Wild caught? did you get them thru a rescue? Have you applied for and received your permits yet? 
It takes a while.. Im still waiting for mine. 
Please post pics when you can.


----------



## ascott (Nov 27, 2011)

I am on the Yvonne train of suggestions.....

I would also suggest planting in their enclosure yard so that they will have access to grazing items which will allow you to enable them to be self sufficient in grazing....they need the walking and mental stimulation to also add to their health....

I usually do not start supplementing mine until they have been awake for a few months..which brings them to the warmest part of the summer...then I will offer romaine, carrots, squash, watermelon, red leaf lettuce, bell peppers and a variety of the flowers on my property...along with mulberry leaves, grape leaves, mamosa leaves, elm leaves and they love it all....

I will aslo get organic spring mix, organic herb mix and offer to them as well....

Good luck and wish you loads of fun and oh yeah, We LOVE PICS


----------



## kimber_lee_314 (Nov 27, 2011)

I let mine graze the entire yard as much as possible.
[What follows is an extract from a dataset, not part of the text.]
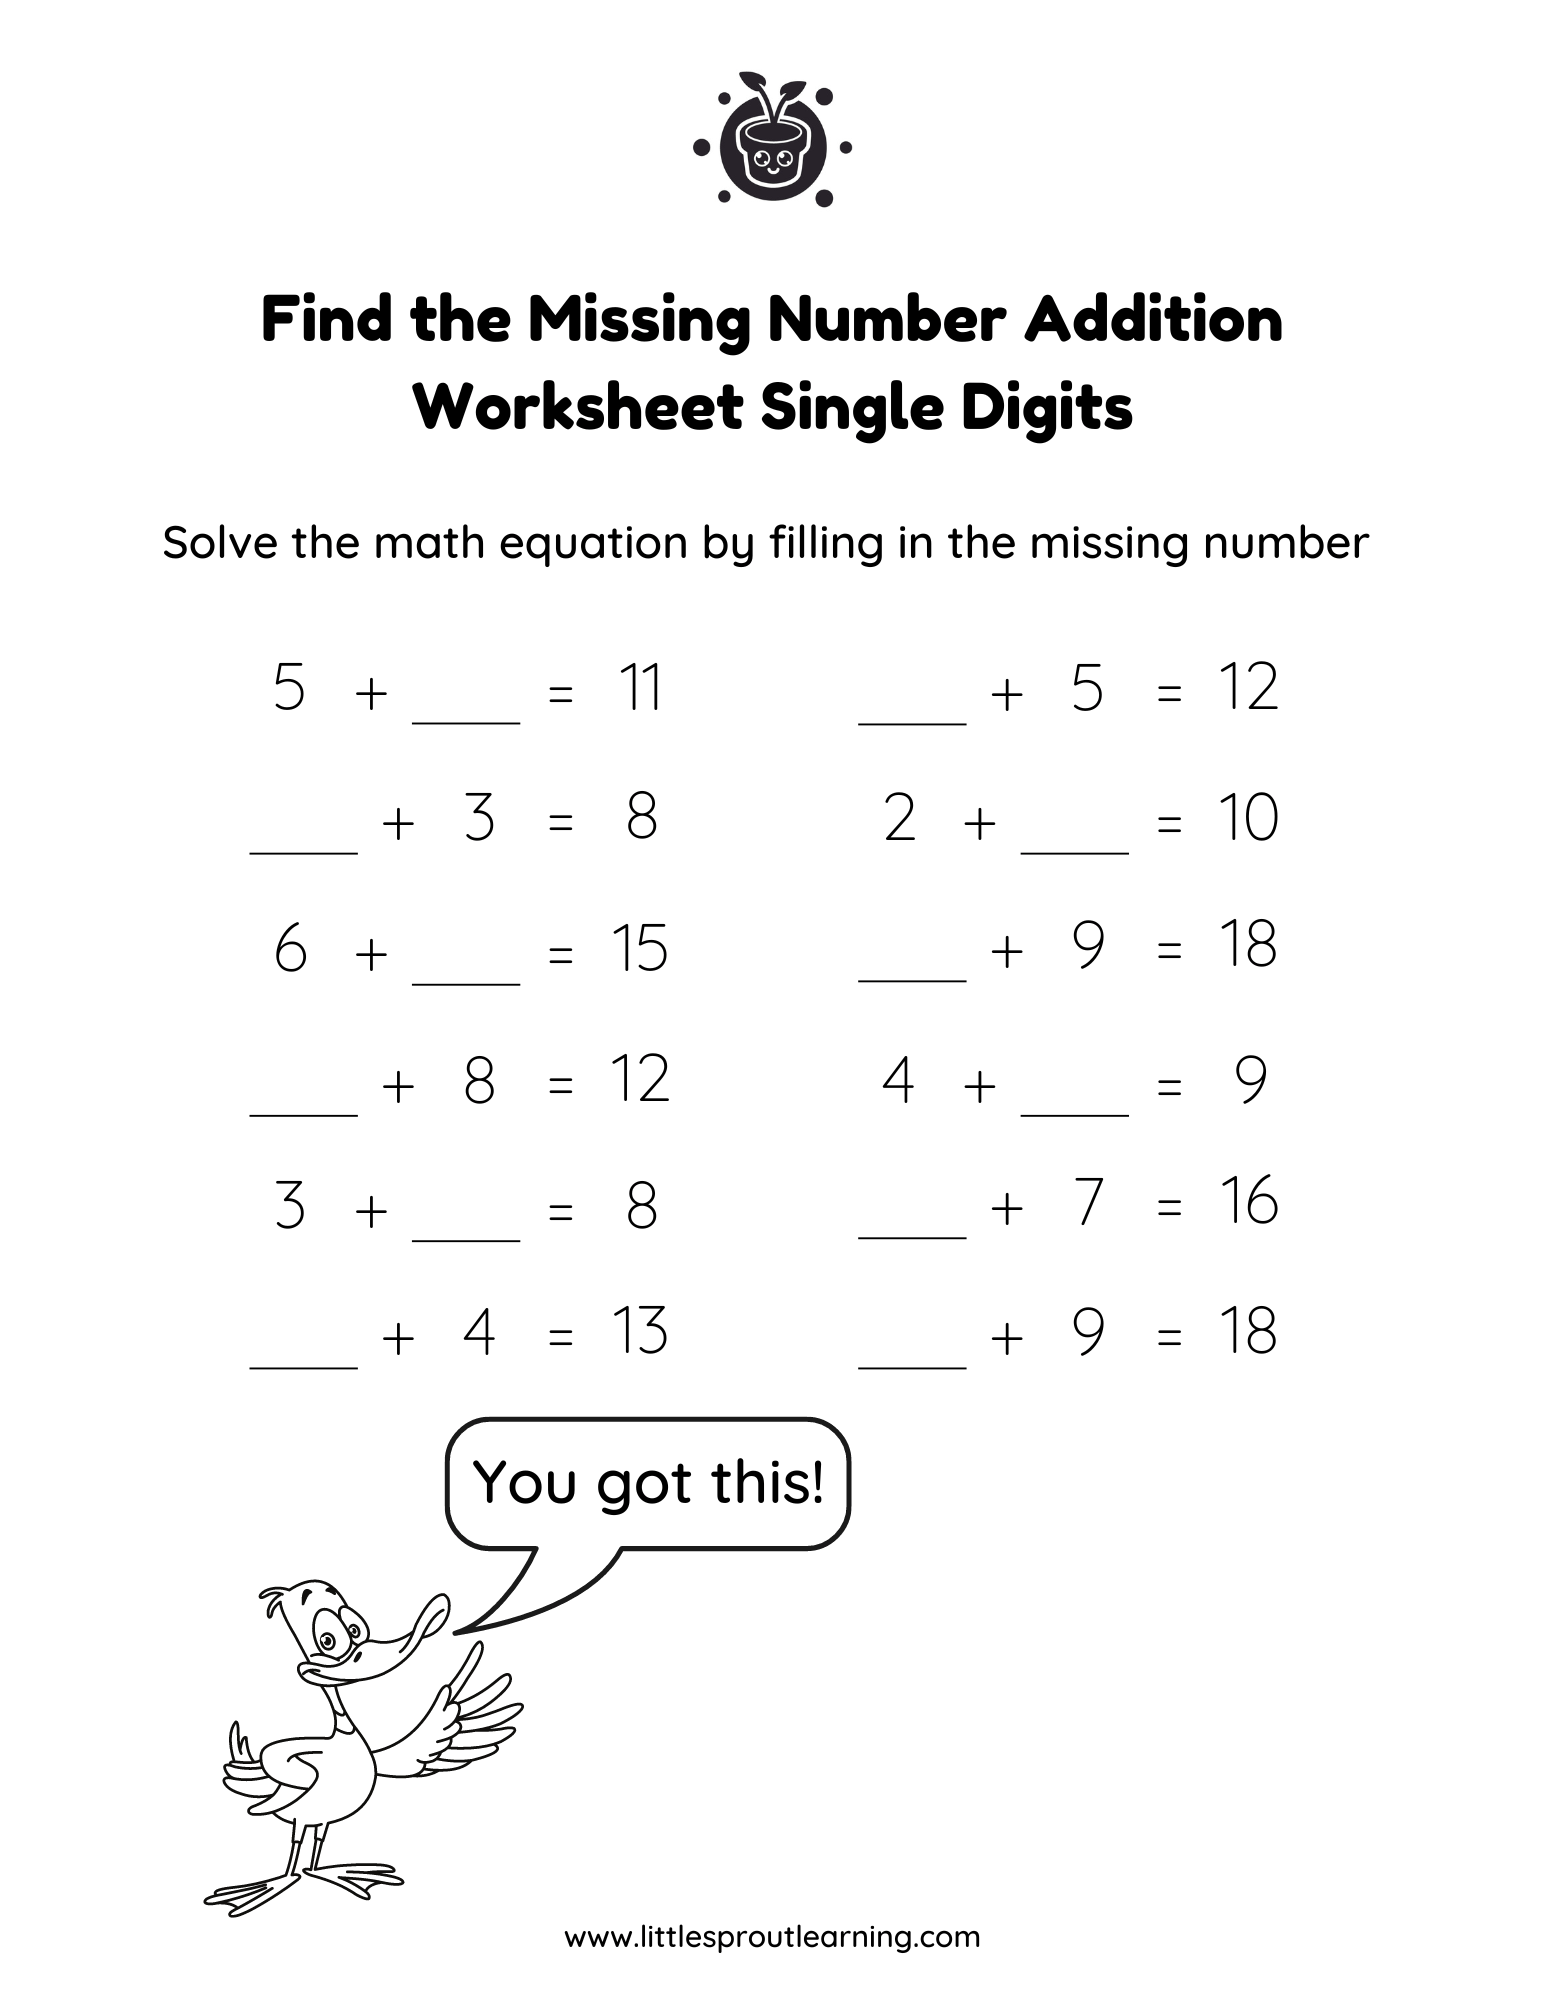 Find the Missing Number Addition Worksheet – Addition With Single Digit Numbers
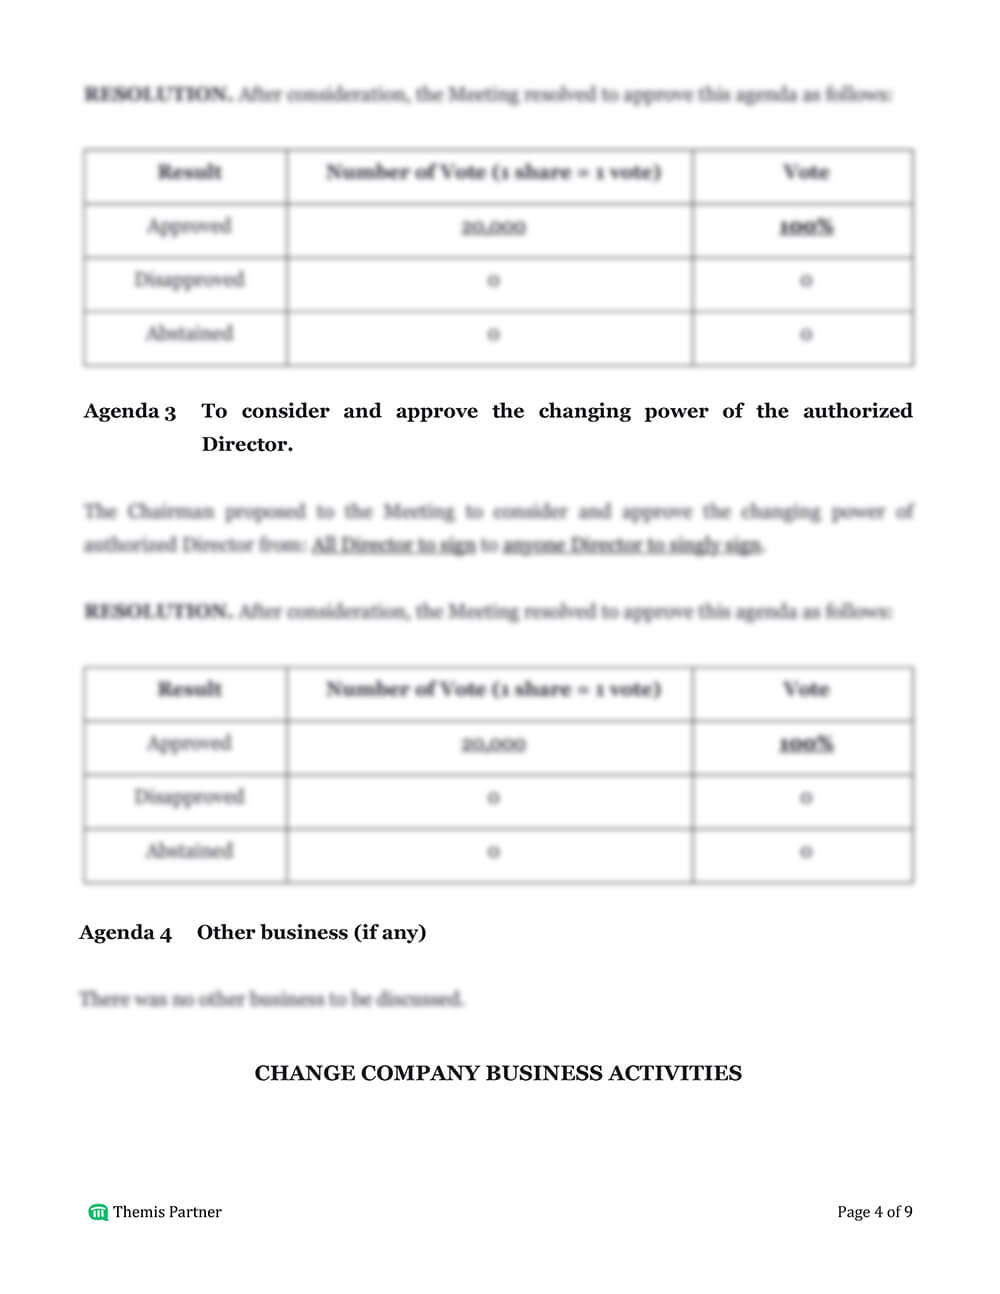 Minutes of meeting template 4

I prefer not to feed vegetables, but stick to things growing in the yard (cactus pads, mulberry leaves, grape leaves, rose leaves, pedals, hibiscus.) They will eat leaves from some of the fruit trees as well. My yard has plenty of weeds and wild violets. I don't like to soak mine. Instead I turn on the sprinkler and let them drink from puddles. They come on the run when I turn on the sprinklers! If I have a sick one, or one that is losing weight, I will feed high calcium greens soaked in water. I think the important thing to remember is that there is no one "right" way to care for these guys. Find a system that works for you. Hope that was helpful!


----------



## Shelly (Nov 27, 2011)

kimber_lee_314 said:


> cactus pads, mulberry leaves, grape leaves, rose leaves, pedals, hibiscus



Throw in some dandelion and you've pretty much got it covered right there.


----------